Exercise.
Could you retype exactly the lines below between the one holding "вертикальный разрез зародыша" and the one holding "Other - Etui", inclusive, leaving out any pictures?

Material provided.

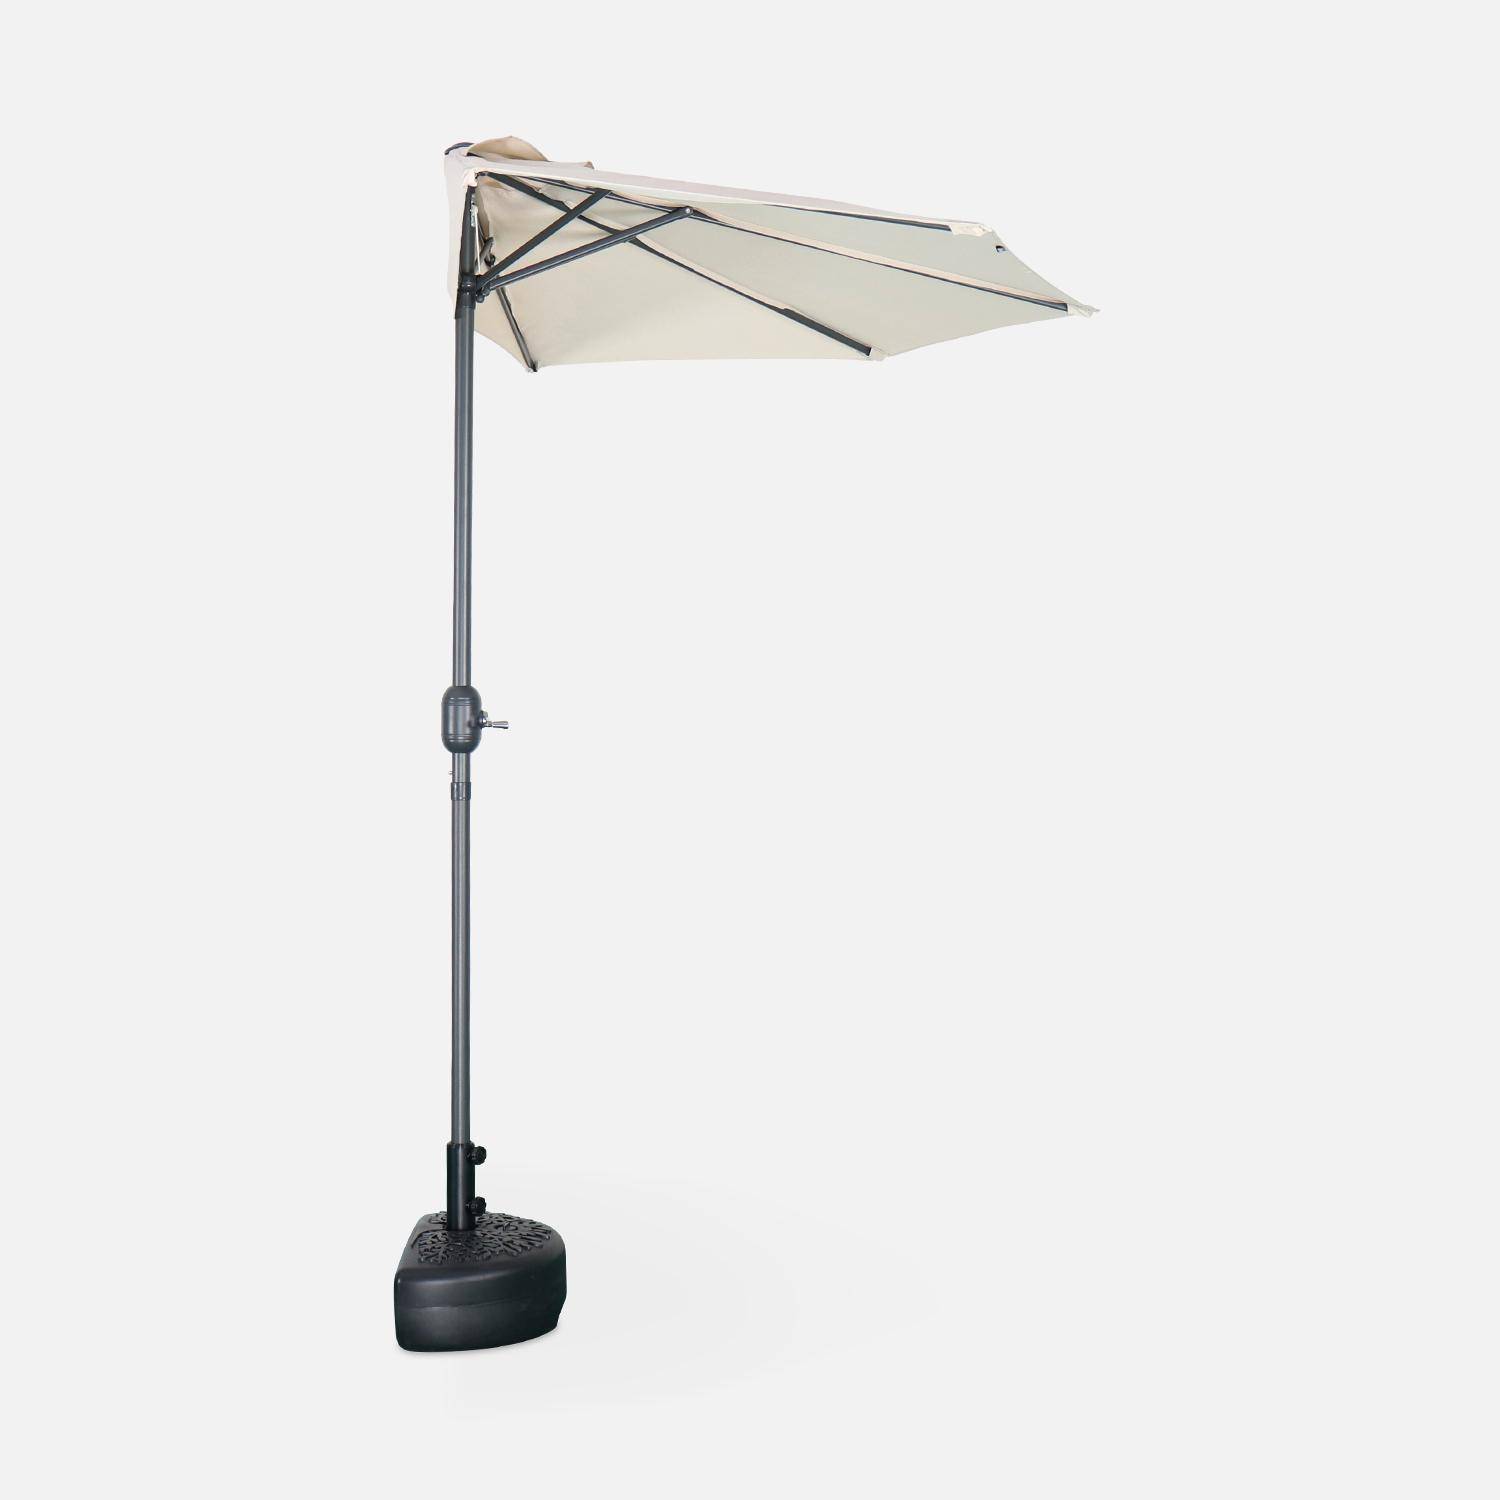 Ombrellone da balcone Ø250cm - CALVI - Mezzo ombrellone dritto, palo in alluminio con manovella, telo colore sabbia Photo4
* * *
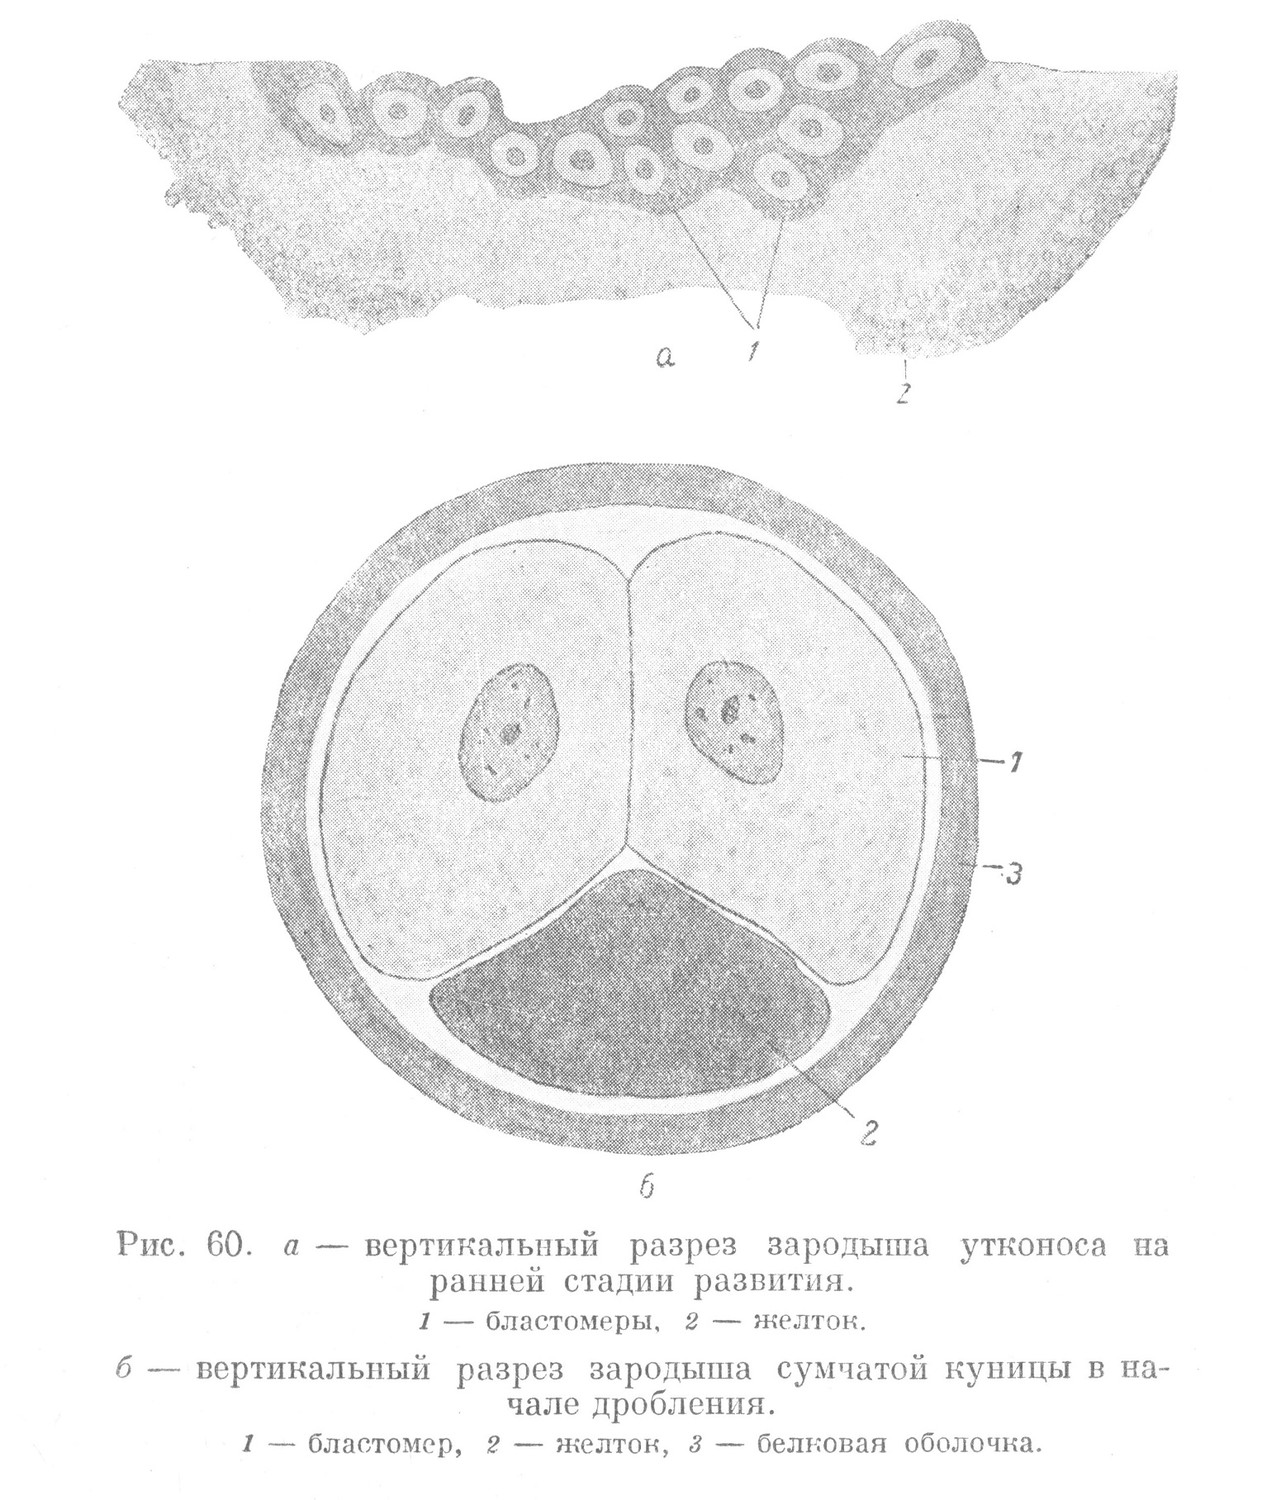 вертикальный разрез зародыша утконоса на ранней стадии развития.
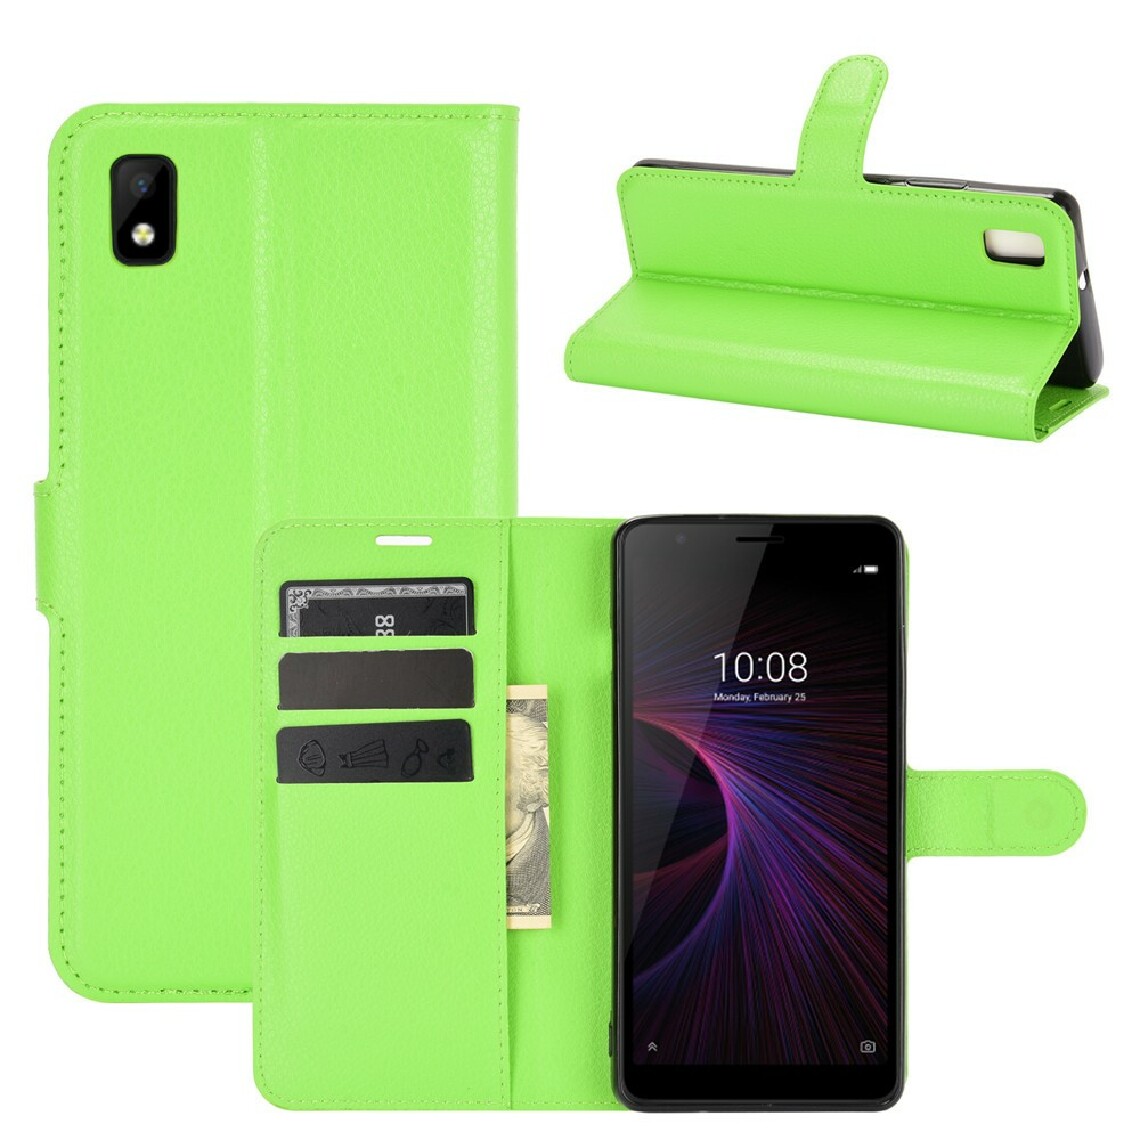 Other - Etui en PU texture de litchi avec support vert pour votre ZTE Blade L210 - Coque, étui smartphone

Exercise solution.
 вертикальный разрез зародыша утконоса на ранней стадии развития.
 Other - Etui en PU texture de litchi avec support vert pour votre ZTE Blade L210 - Coque, étui smartphone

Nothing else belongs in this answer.